━━ RECORDS FOR THIS TASK ━━

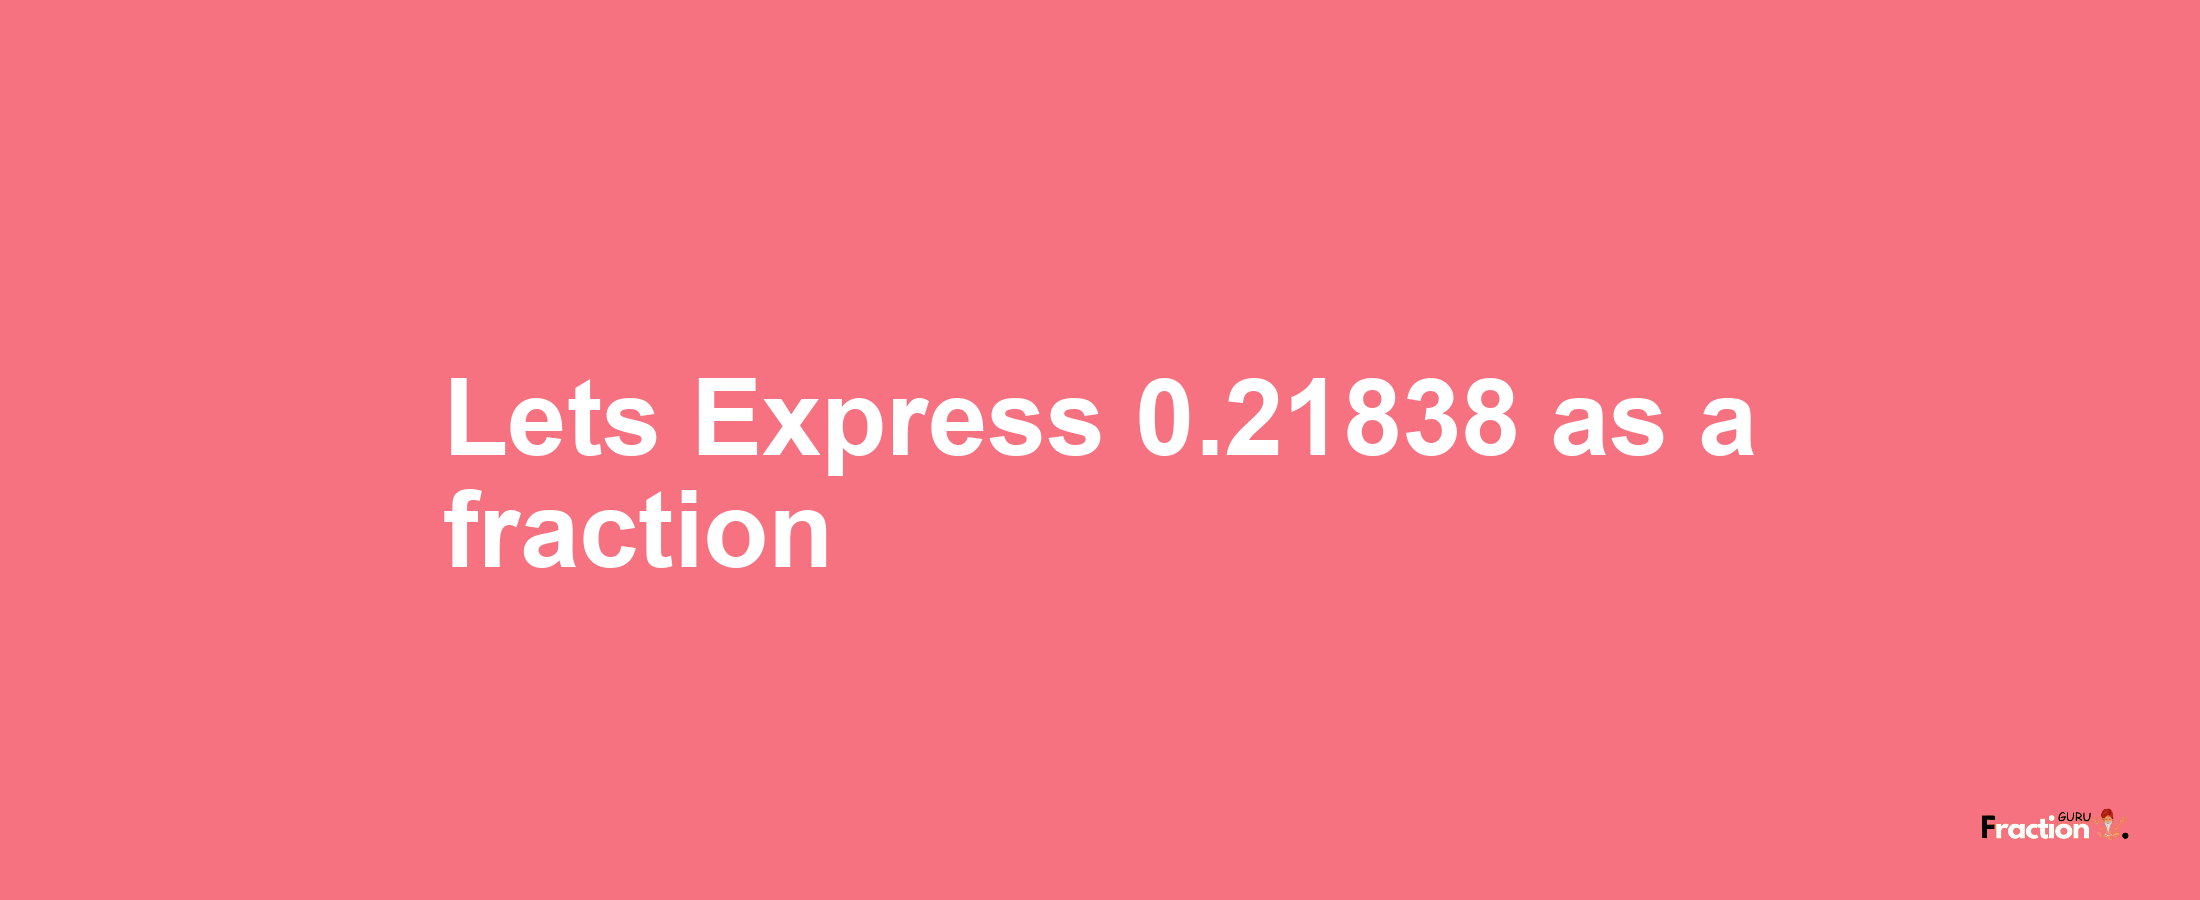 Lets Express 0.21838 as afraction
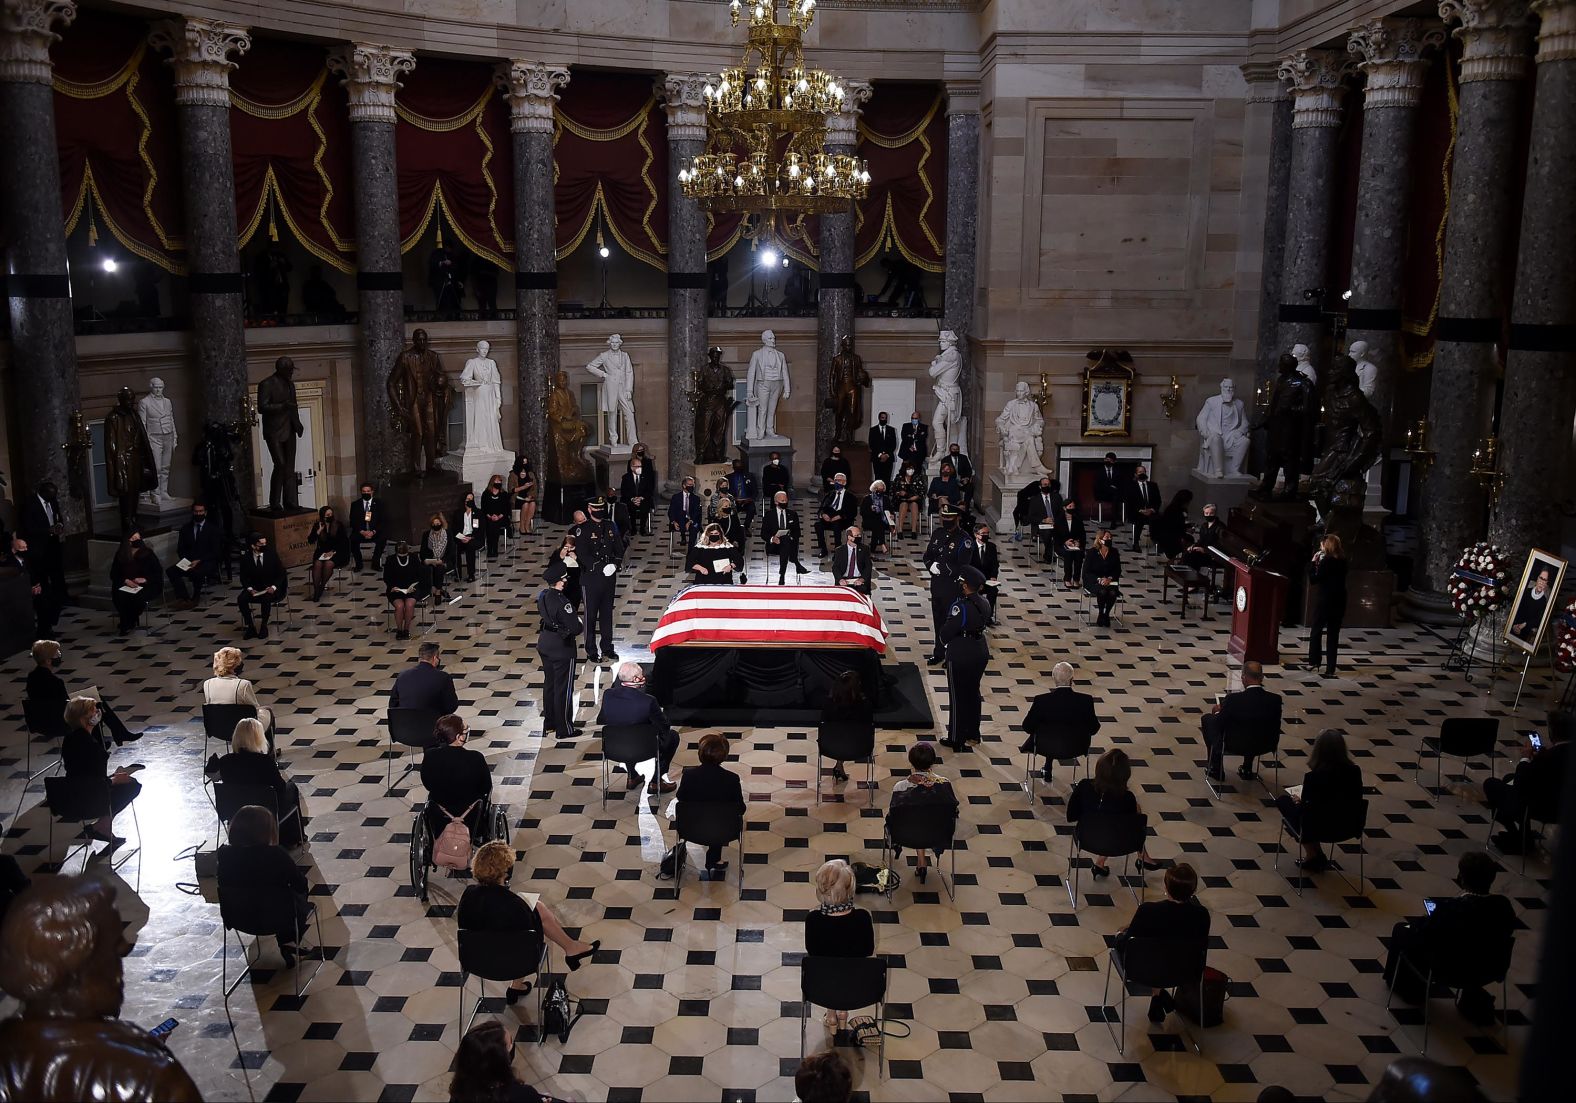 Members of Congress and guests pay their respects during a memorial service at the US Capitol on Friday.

━━━
━━ RECORDS FOR THIS TASK ━━

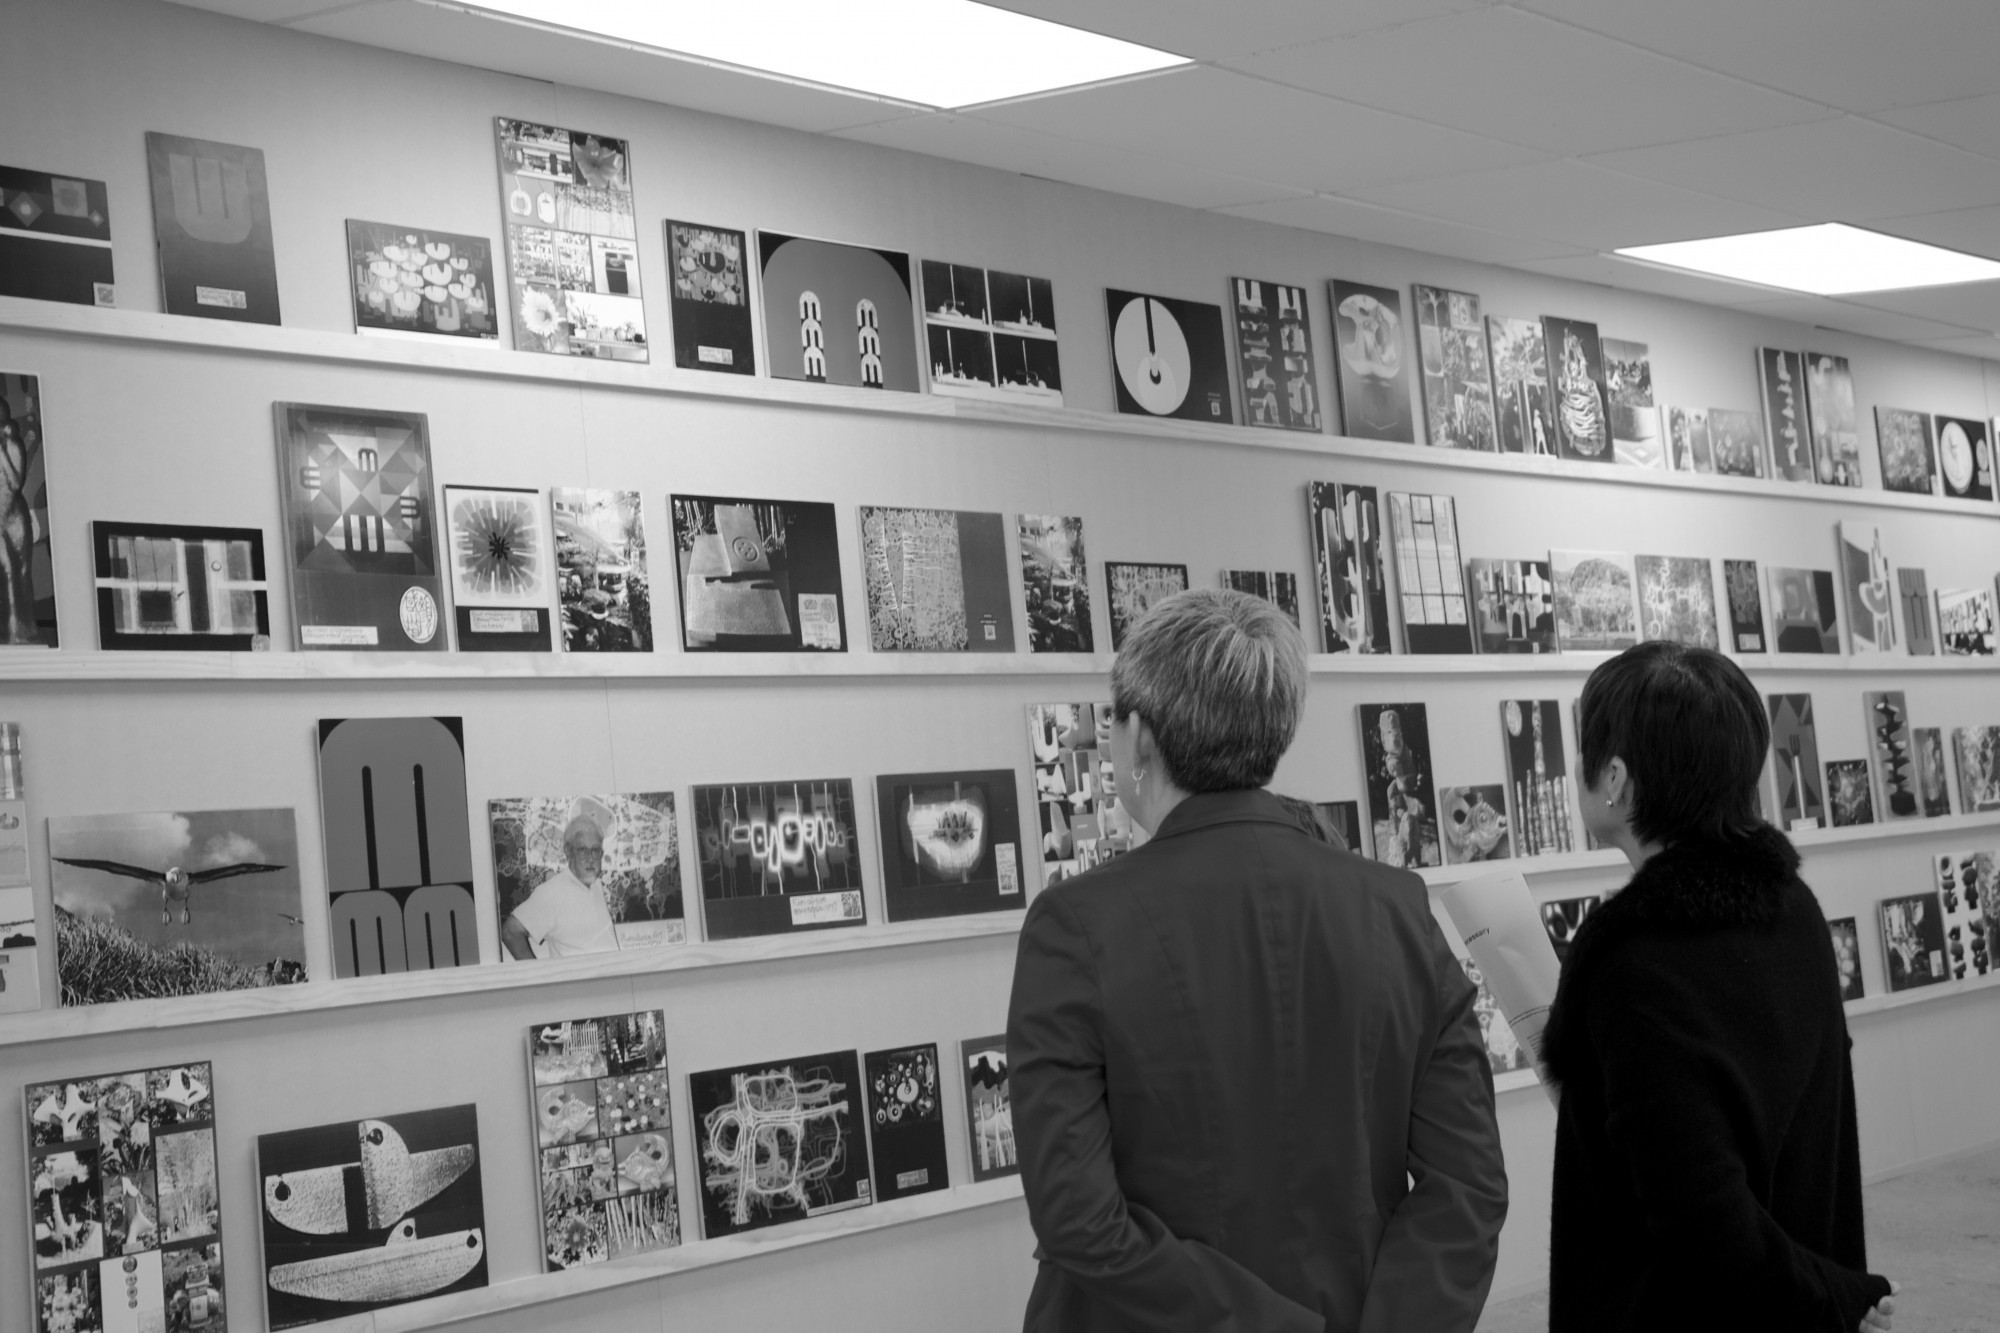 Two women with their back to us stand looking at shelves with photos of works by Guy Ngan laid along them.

━━━
━━ RECORDS FOR THIS TASK ━━

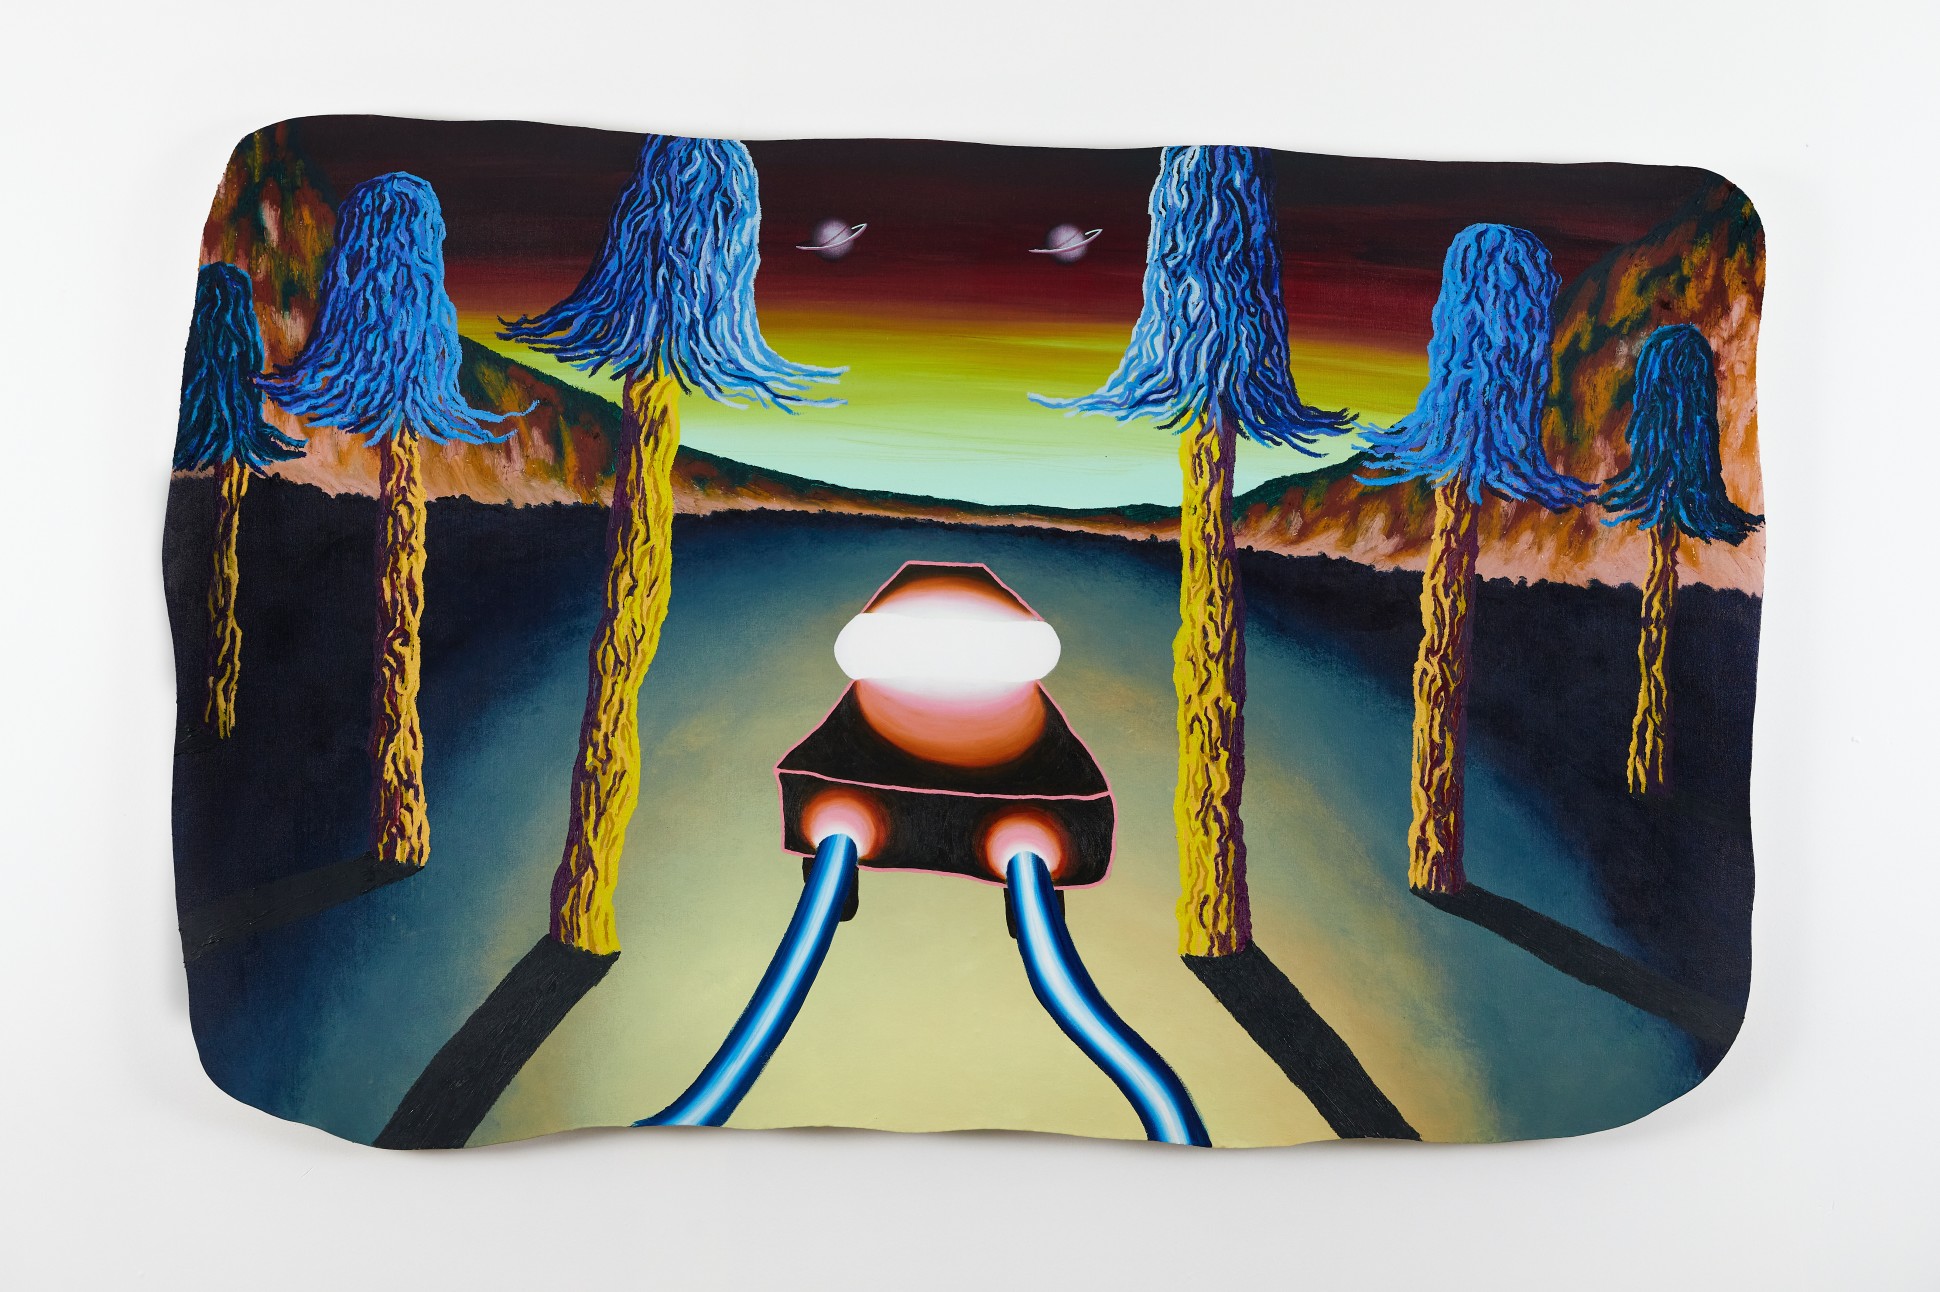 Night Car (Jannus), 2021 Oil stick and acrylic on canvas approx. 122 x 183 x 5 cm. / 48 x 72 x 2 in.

━━━

**TASK BRIEF**
Write out exactly the lines above between the one with "Lets Express 0.21838 as afraction" and the one with "Members of Congress", inclusive, with pictures left out.

**OUTPUT**
 Lets Express 0.21838 as afraction
 Members of Congress and guests pay their respects during a memorial service at the US Capitol on Friday.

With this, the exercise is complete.